There's no need to convert to Pair only to consume those pairs in the same function. Just use the accessors below.

rdblue · 2023-05-21T19:52:20Z

core/src/main/java/org/apache/iceberg/deletes/Deletes.java

+      deletes.forEach(
+          entry ->
+              positionDeleteIndex
+                  .computeIfAbsent(entry.first(), f -> new BitmapPositionDeleteIndex())


Instead of using computeIfAbsent on every row, this should pre-populate the map using dataLocations, since those are all known.

i don't see any issues here as nothing extra is done when key exists:

default V computeIfAbsent(K key, Function<? super K, ? extends V> mappingFunction) { Objects.requireNonNull(mappingFunction); V v; if ((v = get(key)) == null) { V newValue; if ((newValue = mappingFunction.apply(key)) != null) { put(key, newValue); return newValue; } } return v; }

rdblue · 2023-05-21T19:59:47Z

data/src/main/java/org/apache/iceberg/data/DeleteFilter.java

@@ -266,13 +291,23 @@ private CloseableIterable<T> createDeleteIterable(
        : Deletes.filterDeleted(records, isDeleted, counter);
  }

+  static CloseableIterable<Record> openPosDeletes(FileIO io, DeleteFile file) {
+    InputFile input = io.newInputFile(file.path().toString());


This should use getInputFile instead of calling io.newInputFile. In Spark and Flink, the input files are already created in a bulk operation.
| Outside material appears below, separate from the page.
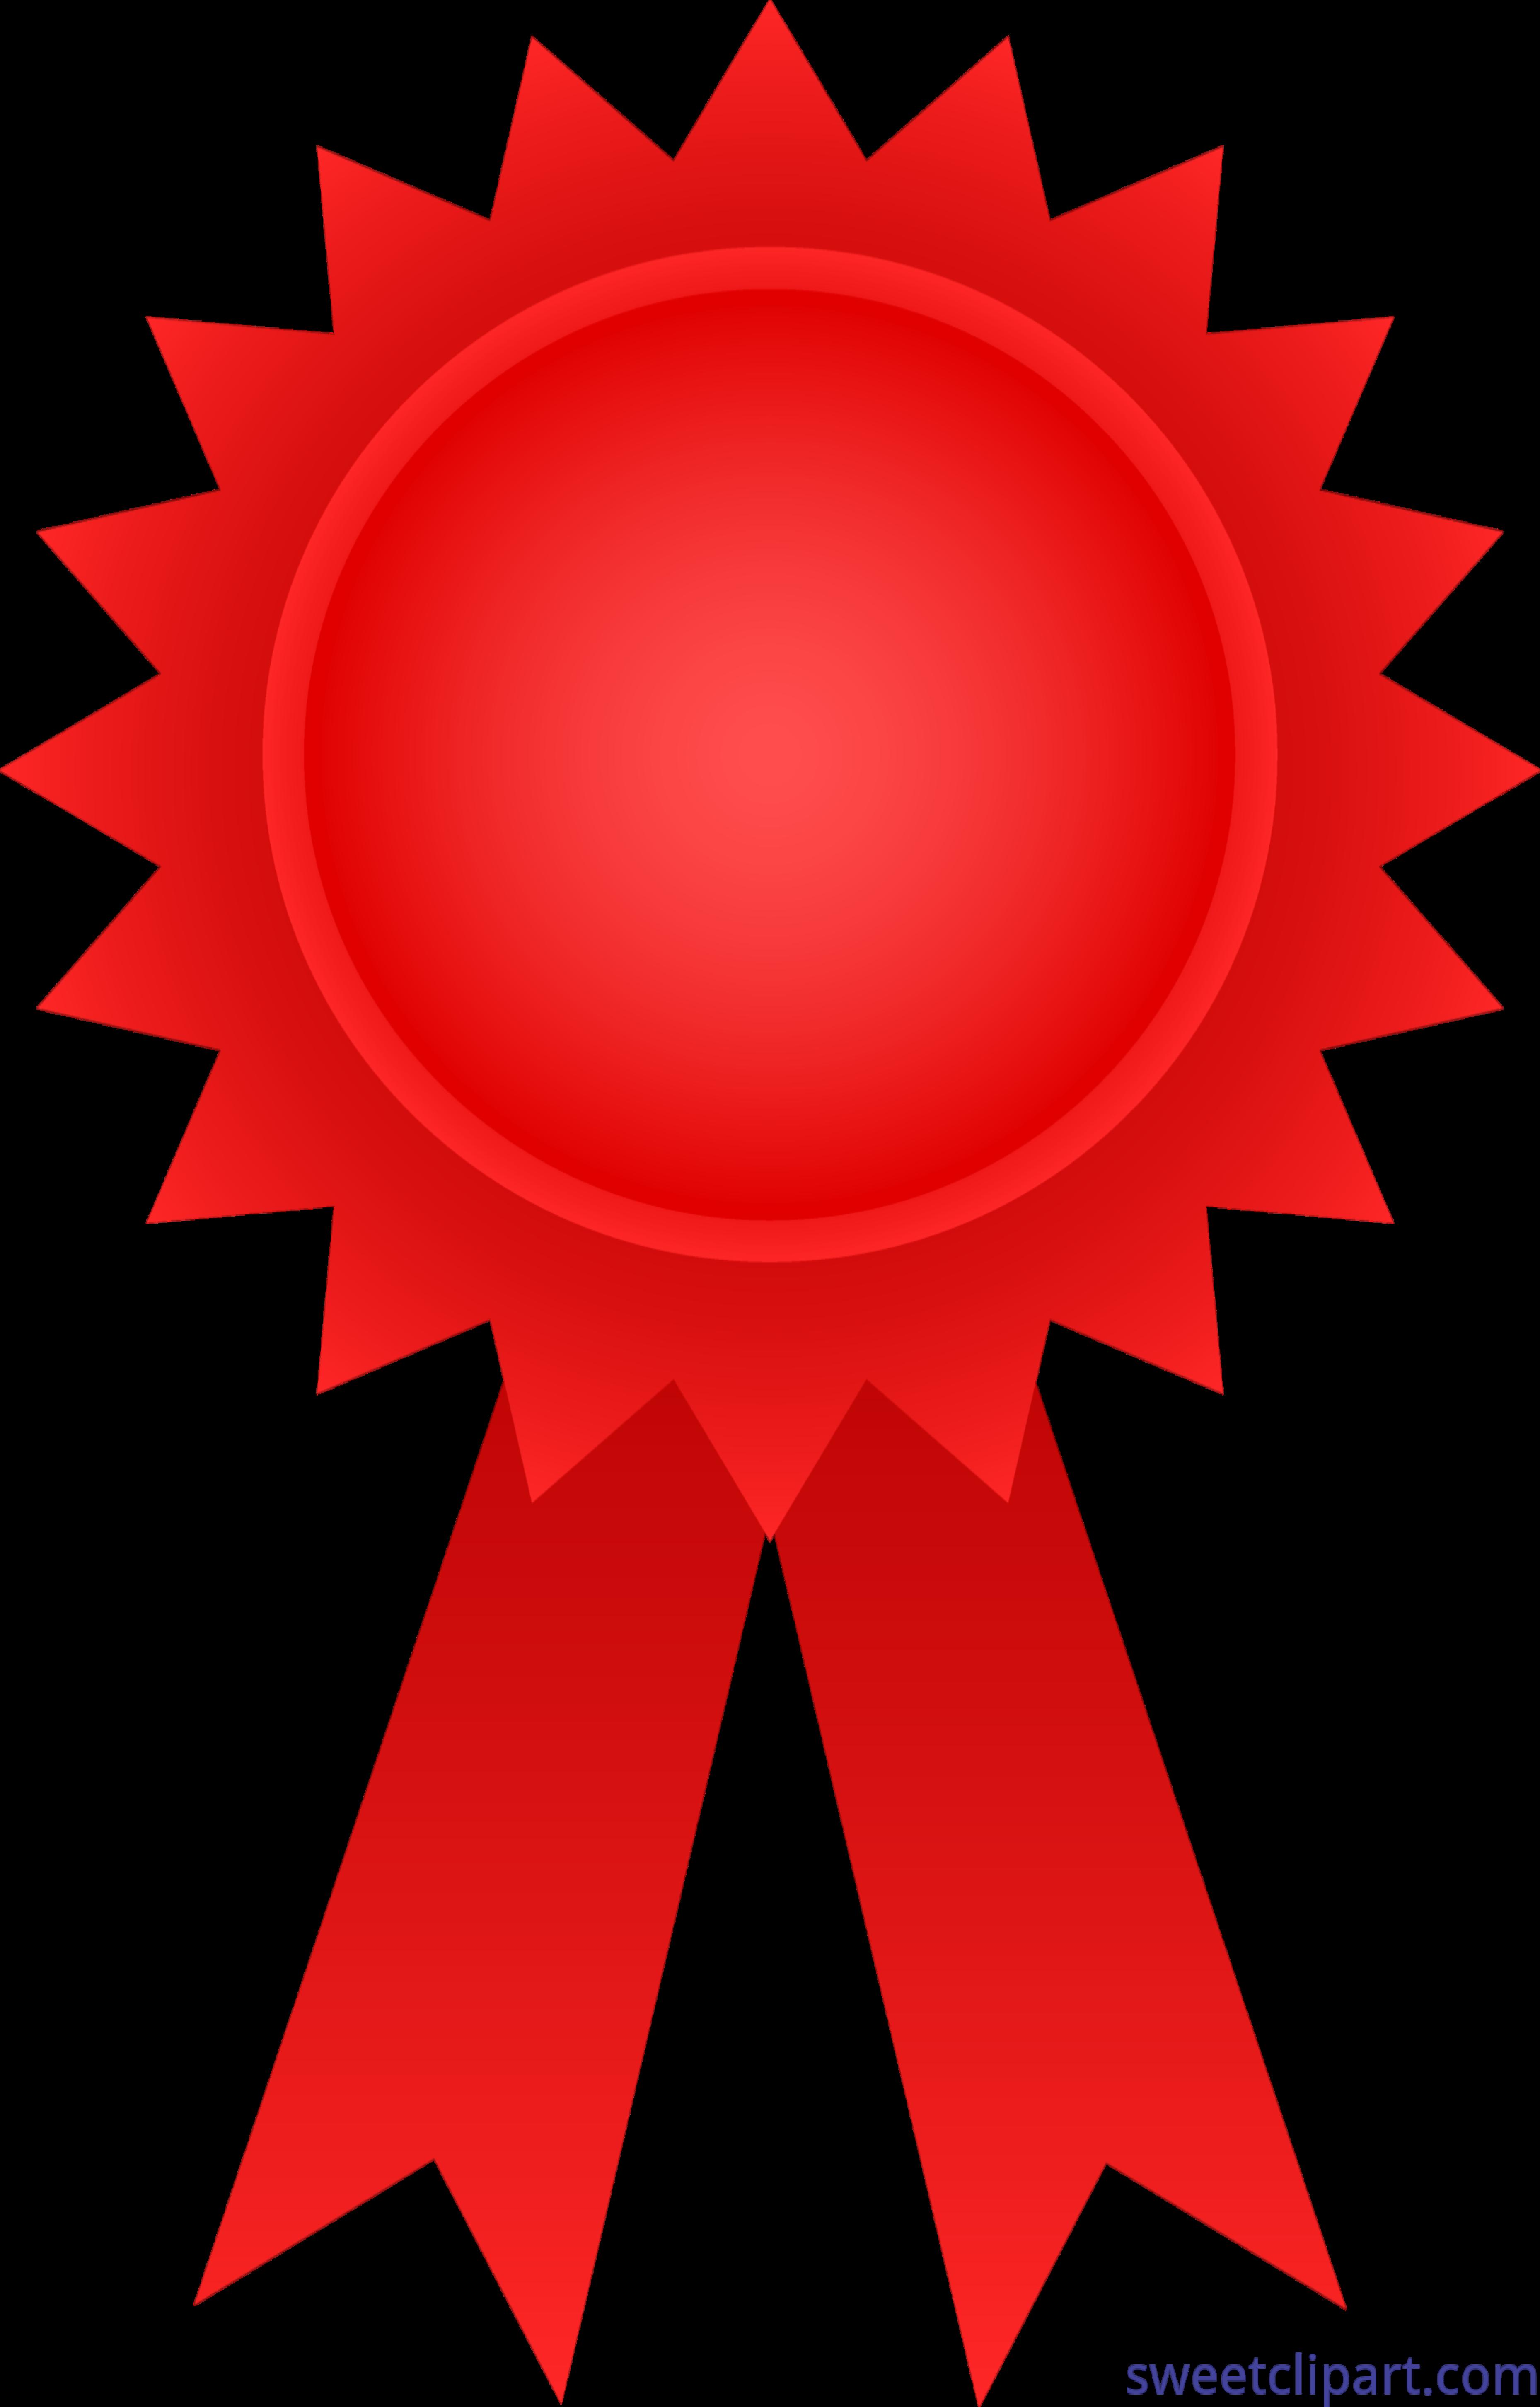 Circle clipart ribbon. Award red clip art
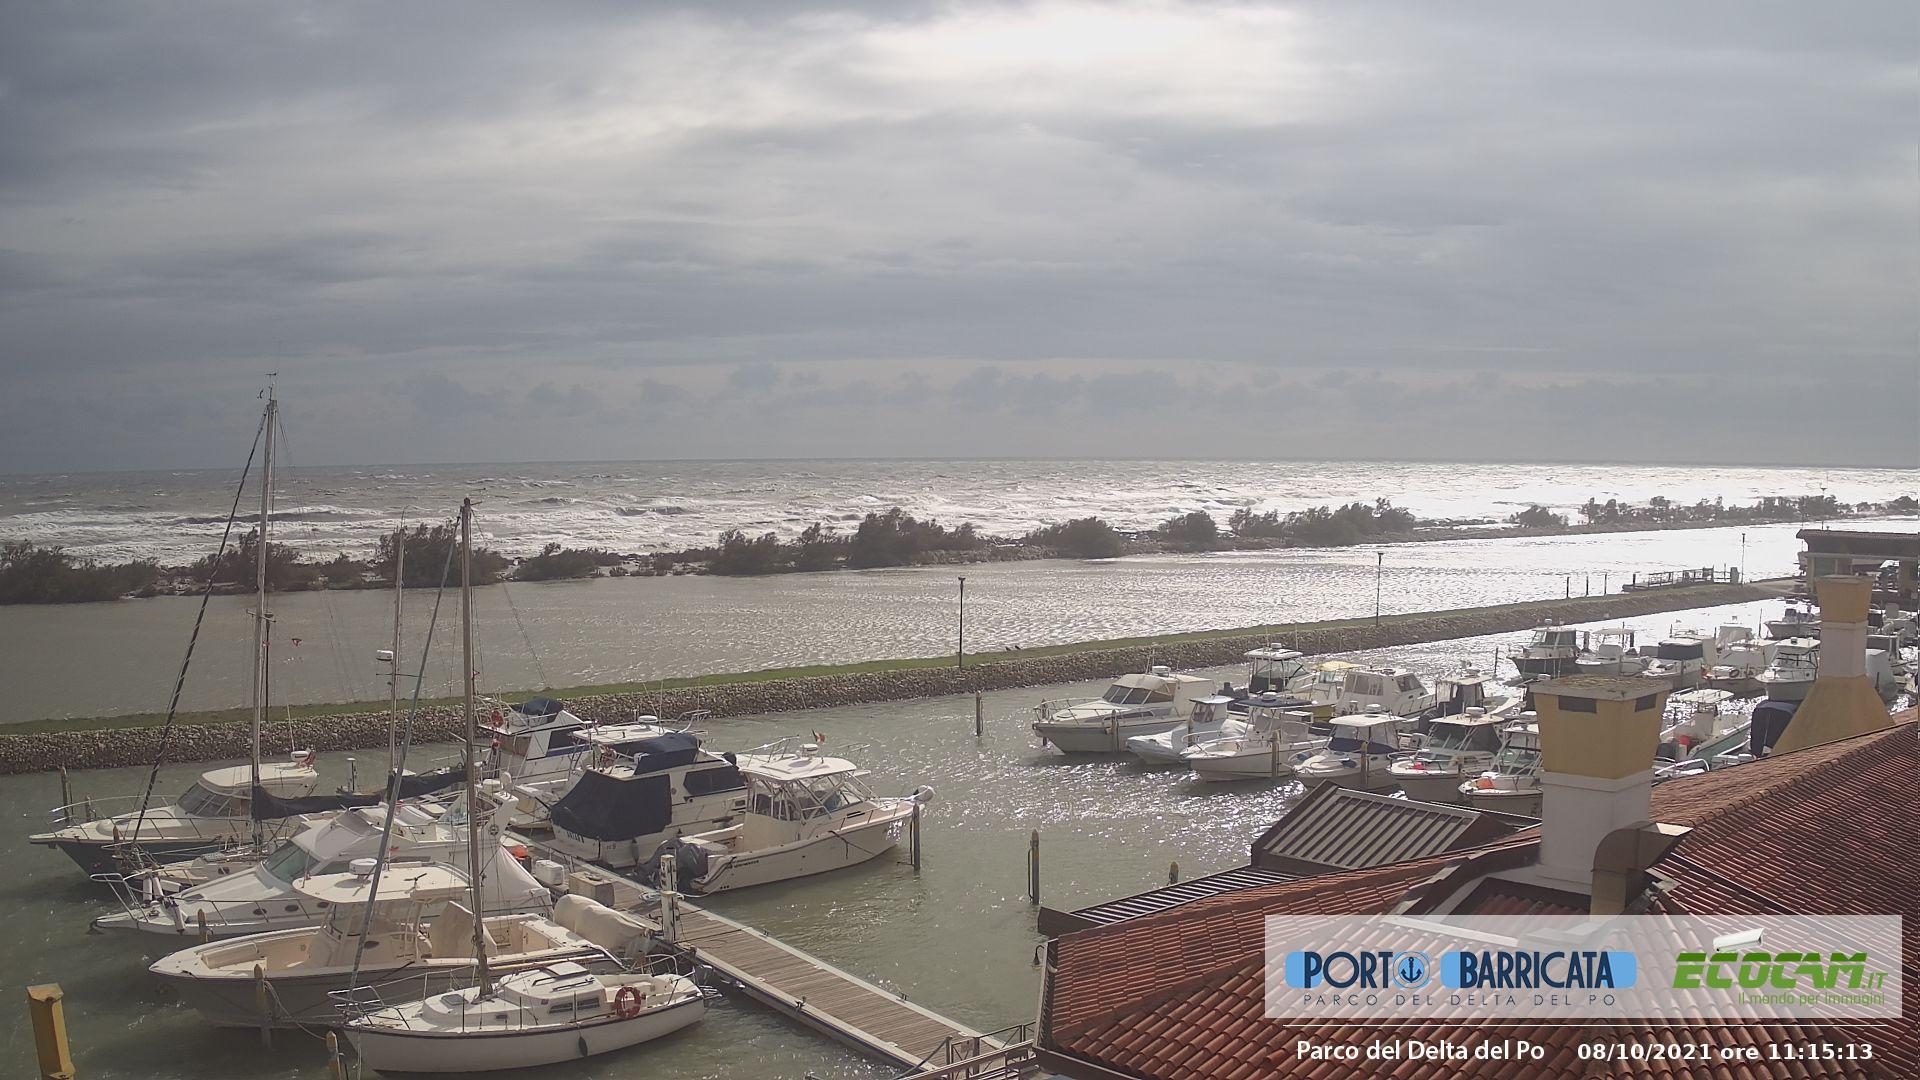 Webcam Porto Barricata

rdblue · 2023-05-21T20:02:27Z

data/src/main/java/org/apache/iceberg/data/DeleteFilter.java

+    List<DeleteFile> posDeletes = distinctPosDeletes(fileTasks);
+    if (posDeletes.isEmpty()) {
+      return ImmutableMap.of();
+    }


Please follow style guidelines. Control flow blocks should be separated from the following statement by a line of whitespace.

rdblue · 2023-05-21T20:05:17Z

spark/v3.3/build.gradle

@@ -62,6 +62,7 @@ project(":iceberg-spark:iceberg-spark-${sparkMajorVersion}_${scalaVersion}") {
    implementation("org.scala-lang.modules:scala-collection-compat_${scalaVersion}")

    compileOnly "com.google.errorprone:error_prone_annotations"
+    compileOnly "com.github.ben-manes.caffeine:caffeine"


These changes look incorrect. Why is this new compile dependency needed when there is no code change?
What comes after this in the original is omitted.